Content marketing has moved from a nifty new buzzword to an established marketing strategy. It can accomplish many business and marketing goals, including:
- Increased brand recognition
- Better search quality
- Attracting new clients
- Earning positive word-of-mouth and references
- Feeding other marketing channels such as social media, direct mail, email marketing and more
- Driving traffic
Rand Fishkin of Moz summarizes it nicely in this video:
“[Content marketing makes] your website a hub, a destination beyond just the direct value that your business provides, so that you can earn referrals, word of mouth, traffic from search engines, from social media sites, from all the ways that links can be seen and shared on the web through inbound channels.”
Current situation
While so many B2B marketers understand the importance and the implementation, many are still wondering how it affects their bottom line. The most recent study by the Content Marketing Institute revealed the following:
It’s great to see the vast majority of B2B marketers are utilizing this content marketing, but what’s disappointing is so few are setting themselves up for long-term success with a documented strategy.
Oftentimes the trouble with creating a complete content marketing strategy is that it includes so many separate plans in order to be 100% effective. Different departments, budgets, buyer personas, sales cycles and tactics all play into content marketing.
In this article we’ll outline some of the most common tactics that can play a role in a holistic content marketing strategy.
Website
Content plays a critical role on a website. We’re not talking about blog posts and news updates (see more on that next), but well thought out web copy that explains your business and guides an individual through the decision making process. This means landing pages, calls to action, the navigation and more.
What you should be doing:
- Evaluate your sitemap and determine if the hierarchy is accurately explaining your business.

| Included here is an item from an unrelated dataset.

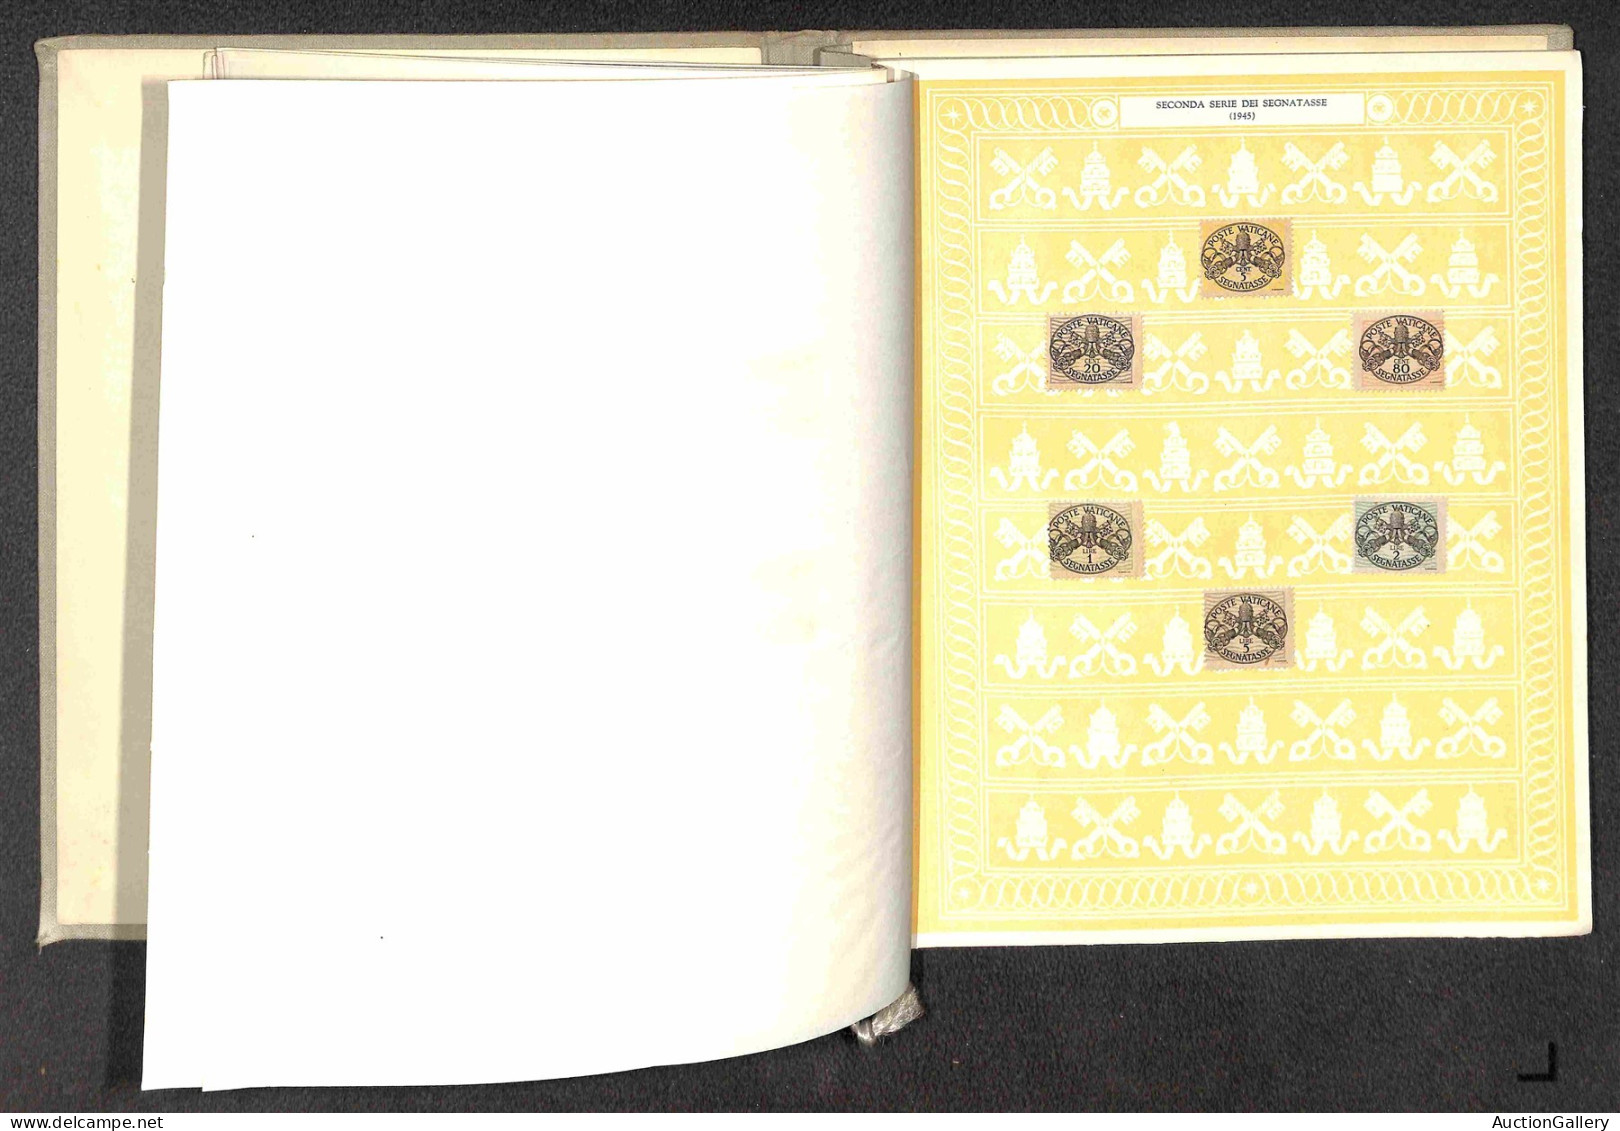 Lotti&Collezioni - VATICANO - 1942/1950 - Splendido ed elegante libro "Stato della Città del Vaticano" con le emissioni

- Test different versions of a landing page headlines and body copy.
- Create multiple calls to action for your website using varied content.
Blogging
Often the hub for many content marketing plans, truly effective blogs are providing their audience with useful information for their business. This means listening to your current customers, finding their pain points and offering solutions.
What you should be doing:
- Researching issues and common problems in your industry to address.
- Responding to commenters (both positive and negative!).
- Repurposing blog posts for other content avenues (e.g. social media, video, eBooks, presentations, webinars, etc.) to support the sales process.
- Ensuring your website backend can handle content growth and publishing.
SEO
Content marketing and SEO are best friends. SEO loves content because it provides opportunities for effective link building. And content marketing loves SEO because it’s a measurable outcome (domain authorities, page rankings, traffic, etc.). Though quality content is at times an afterthought in SEO (and vice versa), a truly holistic and successful content marketing strategy cannot happen without SEO.
What you should be doing:
- When managing a blog, write with your SEO keywords in mind (without sounding like a robot).
- Use SEO metrics such as domain authority and linking root domains to determine guest posting opportunities.
- Measure the SEO performance of your competition such as backlinks and keyword ranking to shape future content.
Social Media
There are many opinions out there about what social media platform is right for B2B marketing. When addressing this component of your strategy determine the current performance of existing platforms, where your target audience is and your available staff to manage it.
What you should be doing:
- Curating content from third party resources, influencers, vendors and partners to share on your platforms.
- Finding influencers in your industry and engaging them with your content.
- Redistributing blog posts as “snackable” information through quotes, data points, photos or short videos.
- Exploring paid social media options when appropriate.
Email Marketing
Email marketing can play a role in every stage of the sales process, but its popularity among marketers makes it difficult to rise above the competing emails in a client’s email inbox. Similar to social media, existing content can feed your email marketing or be a standalone tactic.
What you should be doing:
- Establishing a regular newsletter schedule (weekly, monthly, quarterly) to address “top of the funnel” leads.
- Building unique email newsletter campaigns such as an educational series or special promotions geared toward stronger leads.
- Segmenting your email lists based on stages in the sales process or client demographics.
Premium Content
We like to use the umbrella term of “premium content offers” to explain the variations of a traditional white paper. This could include eBooks, one sheets, guides, FAQs, infographics, case studies, presentations and more. The unifying characteristic is they’re a digital thought leadership piece used to educate an individual on a given topic.
What you should be doing:
- Creating a variety of premium content that can address different levels of the sales process.
- Enlisting the help of a graphic designer to create visually appealing content your audience wants to read (that means a Word document won’t fly here).
- Optimizing your digital content offers for easy social media sharing.
Sales
In the end, this is the whole point of content marketing. To cast a wider net and build a more valuable list of qualified leads for a sales team. All the pieces above should receive input from the sales team.
What you should be doing:
- Updating your buyer personas based on input from sales (what attracts, resonates and sells).
- Providing sales with the tools to carry out their own content.
- Collaborating with sales to determine the best content metrics to pull.
Take Away
If you’re in the 49% of marketers without an established plan, perhaps some of the tactics listed above you’re already utilizing but it’s going undocumented. Compile all your content channels and identify a core management team that creates, distributes and measures your content.